Steelers team physician Dr. Anthony Yates checks Ben Roethlisberger on the sideline after he was knocked out of the game against Atlanta midway through the third quarter when he took a hit to the head on a sack on Oct. 23, 2006.
By Daniel Malloy Post-Gazette Washington Bureau
WASHINGTON -- Federal intervention in addressing football safety has more than a century-long precedent.
In 1905, President Theodore Roosevelt's White House meeting with Ivy League football powers eventually led to rules based on speed over force -- including legalizing the forward pass -- and fewer deaths in the game.
Today, when Congress hears testimony on head injuries in the National Football League, the stakes are not as high as when Mr. Roosevelt threatened to ban the sport. But medical evidence is mounting about the devastating long-term effects of choosing football as a career.
Still, what can Congress or the NFL do to legislate safety into a game based on violent collisions?
In a news conference yesterday, NFL Players Association head DeMaurice Smith, who is scheduled to testify before the House Judiciary Committee along with NFL commissioner Roger Goodell and several others, said he is not seeking legislation and instead is looking forward to gathering more information about how to protect and care for traumatic brain injuries.
The union -- which has been at odds, at times, with the league in embracing research about the aftereffects of an NFL career -- has formed its own commission to look at the issue. Yet Mr. Smith emphasized that the hearing "is not a battle between us and the league."
Mr. Smith praised the league for taking measures to protect player safety, including rule changes penalizing more aggressive hits and a move to test players' brain function to create a baseline comparison if they suffer big hits.
Mr. Smith has included Dr. Thom Mayer, the NFLPA's medical adviser, in collective bargaining negotiations to stress health care concerns. Dr. Mayer, who also appeared at the news conference, said he would like to see more players wearing safer helmets and better management of players after they sustain concussions -- including decisions on when they return to the field.
Evidence is mounting in terms of the effects of head injuries over a career, including from the NFL itself. The league last month released a study it commissioned showing that former players are diagnosed with Alzheimer's and other dementia at much higher rates than the general population, including 19 times higher between age 30 and 49. It was the first time the league acknowledged a connection between its game and the cognitive function of its retirees.
House Judiciary Chairman Rep. John Conyers, D-Mich., said he called the hearing, in part, because of the NFL's study.

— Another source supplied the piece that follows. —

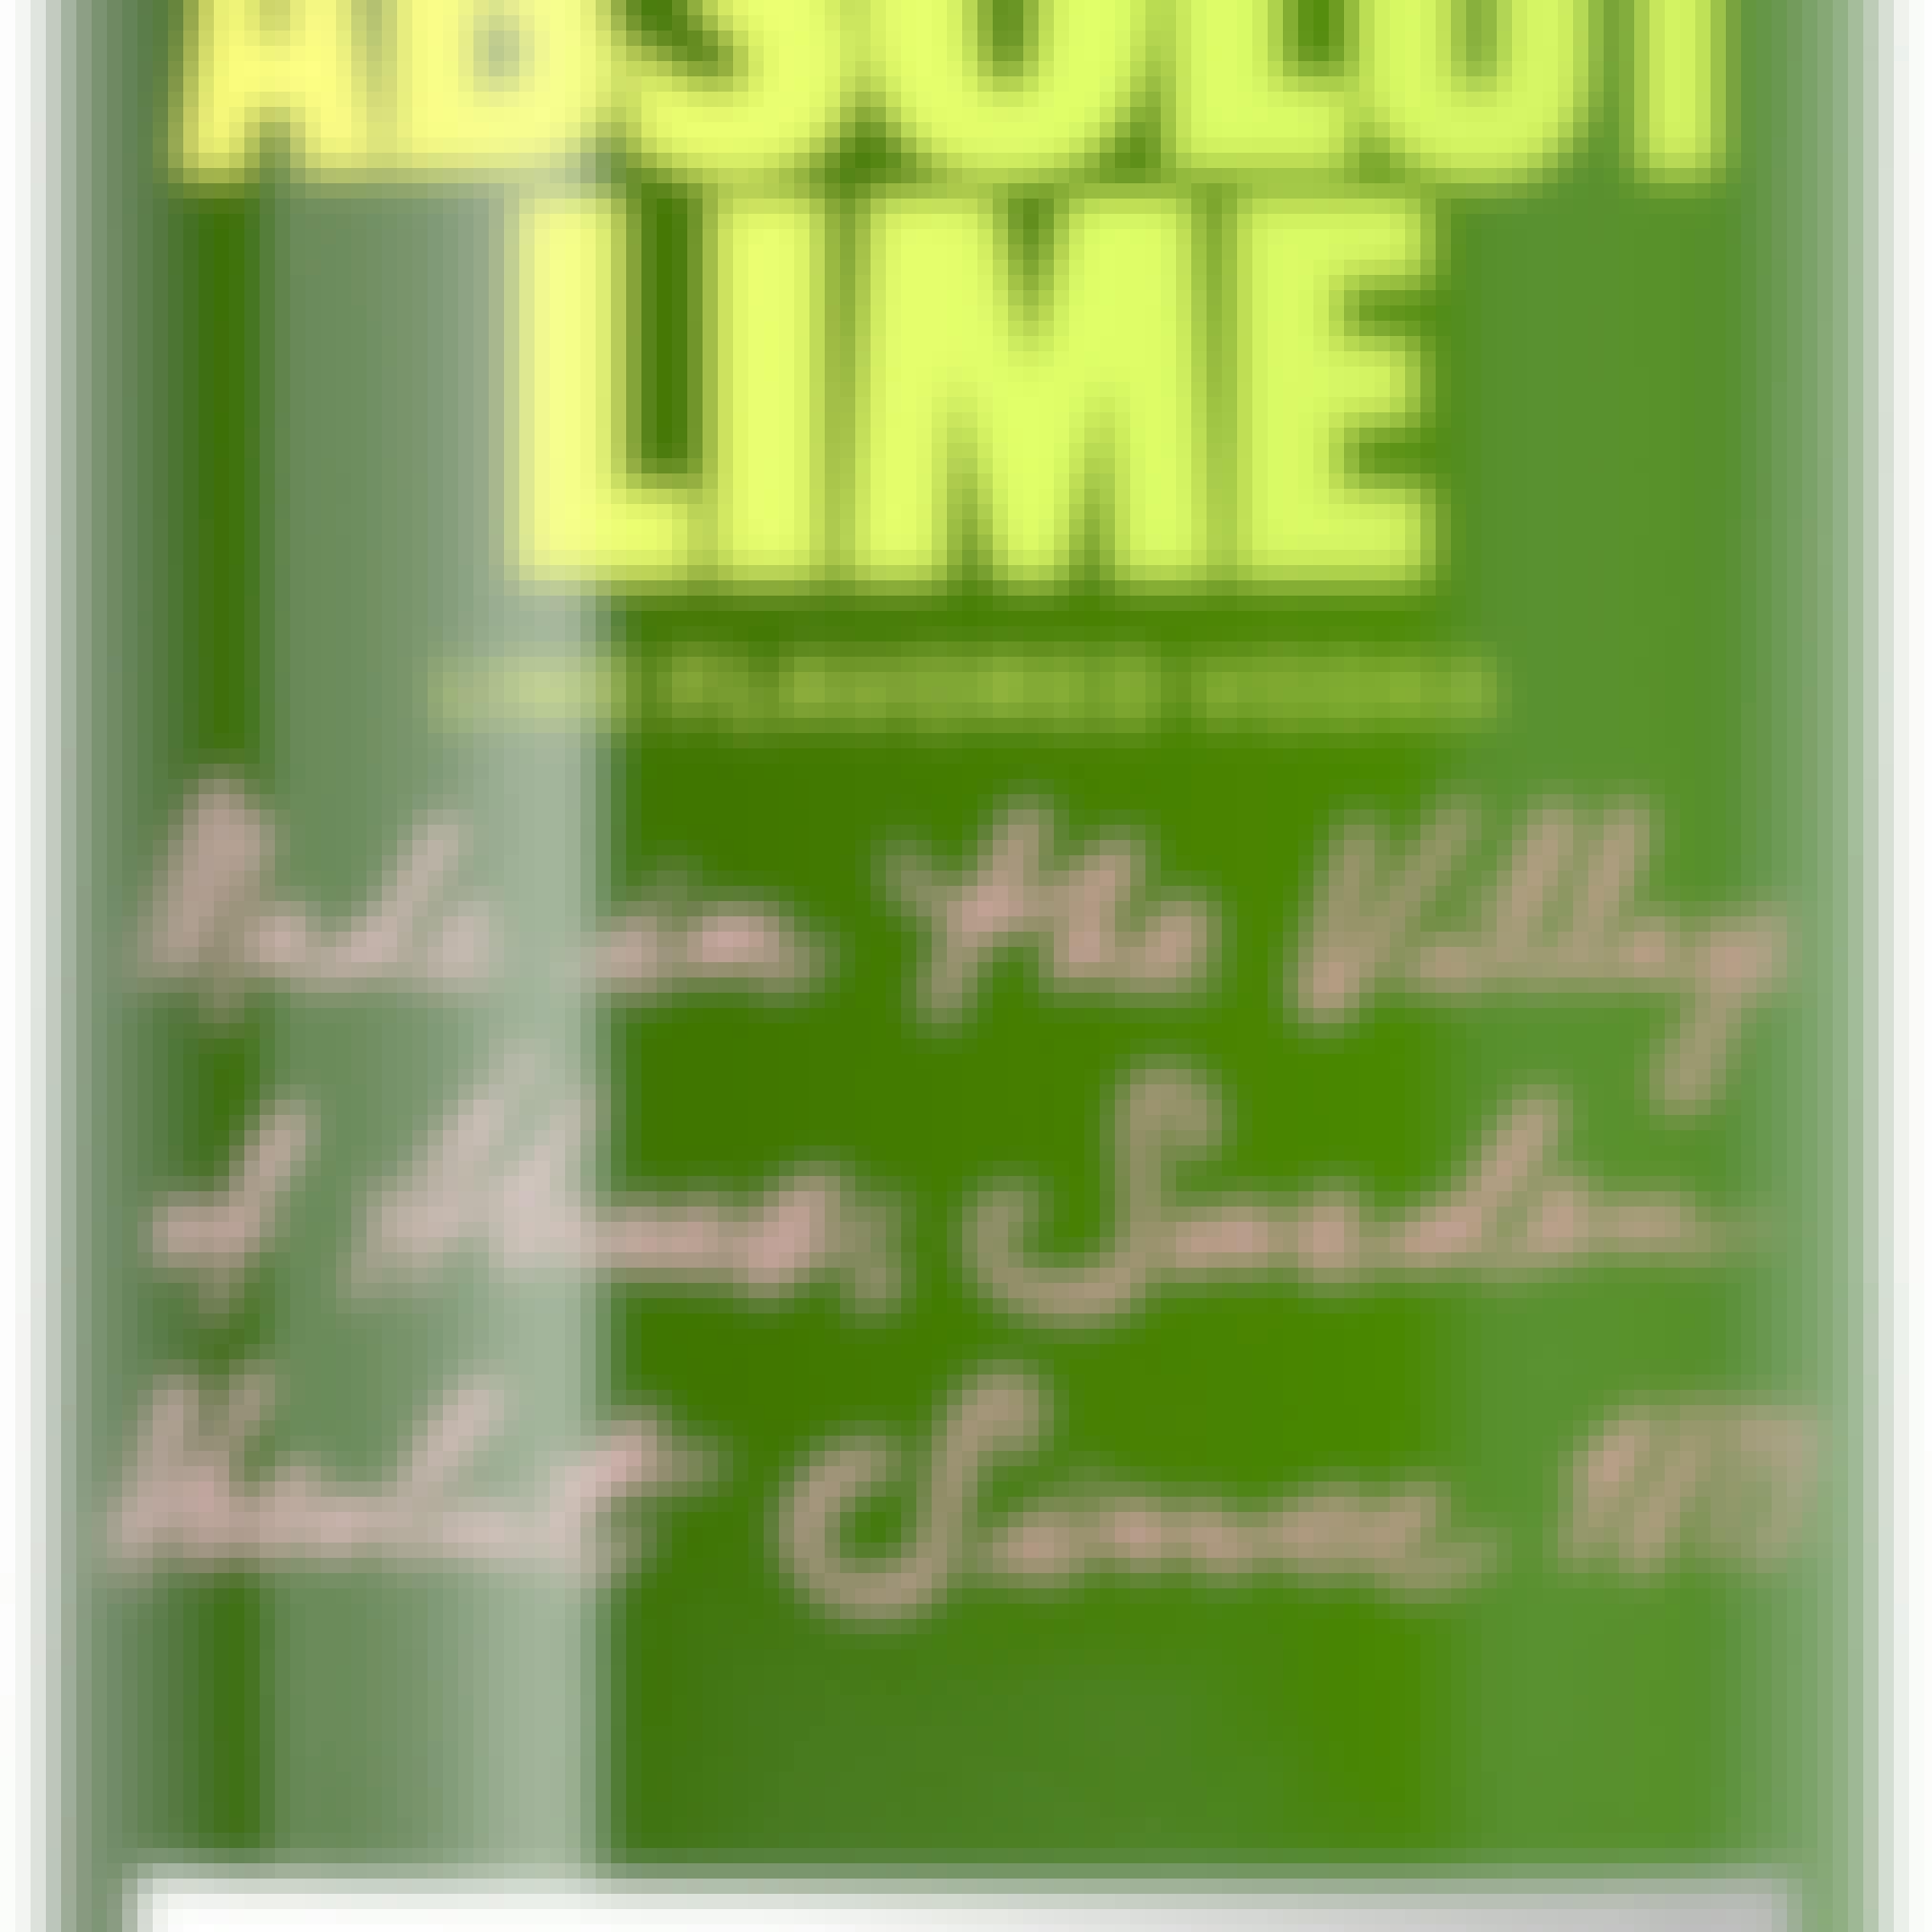 Absolut Lime Vodka 1L

"The NFL's recently commissioned study by the University of Michigan regarding head injuries among former players raises significant health concerns," Mr. Conyers said in a statement.
"The Committee expects to hear from medical experts, former players, and others about the prevalence of these injuries and the conditions which may have contributed to their lasting effects at the professional and amateur levels."
In June 2007, a Judiciary subcommittee heard testimony on care for NFL retirees that mostly dealt with the league's pension and benefits plans. Mr. Smith this year settled a contentious lawsuit between the NFLPA and its retired players.
Mr. Conyers intends to focus this hearing specifically on brain injuries -- and on their ramifications in college and high school football as well.
In an e-mailed statement, NFL spokesman Brian McCarthy wrote: "We testified before the committee two years ago on retired player benefits and look forward to further discussing these important matters and reviewing the work we have done to reduce and properly manage concussions and assist our retired players."
Former Steelers Terry Long and Mike Webster have figured prominently in the debate over the long-term health effects of an NFL career.
Mr. Webster, a Hall-of-Fame center for the Steelers, died in 2002 and suffered from chronic traumatic encephalopathy from repeated head injuries. His family won disability benefits from the NFL after suing the league's pension fund.
Mr. Long, a lineman, committed suicide in 2005 by drinking antifreeze, but the Allegheny County Medical Examiner's office listed head trauma as a contributing factor to the death.
The Judiciary Committee is scheduled to hear testimony from 17 witnesses today from a variety of backgrounds.
The list includes Steelers neurosurgeon Dr. Joseph Maroon -- who questioned the county Medical Examiner's finding of head trauma as a factor in the Long case -- and Merril Hoge, who played fullback for the Steelers from 1987 to 1993. Mr. Hoge, now an NFL analyst for ESPN, had to retire from the league after the 1994 season due to a series of head injuries.
Dr. Julian Bailes, of West Virginia University, a former team physician for the Steelers, is also scheduled to testify. A recent study by Dr. Bailes examined the effects of high quantities of subconcussive hits -- raising the question that severe damage can build from routine plays, not just the big collisions that send players to the sidelines.
So is the conclusion the same as the one pondered by Teddy Roosevelt a century ago?
Asked about the possibility that there is no solution to the risks, Dr. Mayer compared football to driving a car, which remains hazardous -- but less than it once was because of safety advances.
"I think we're going to get to a point where this game -- which is always dangerous and will always be dangerous -- will be far less dangerous when it comes to head injury," Dr. Mayer said.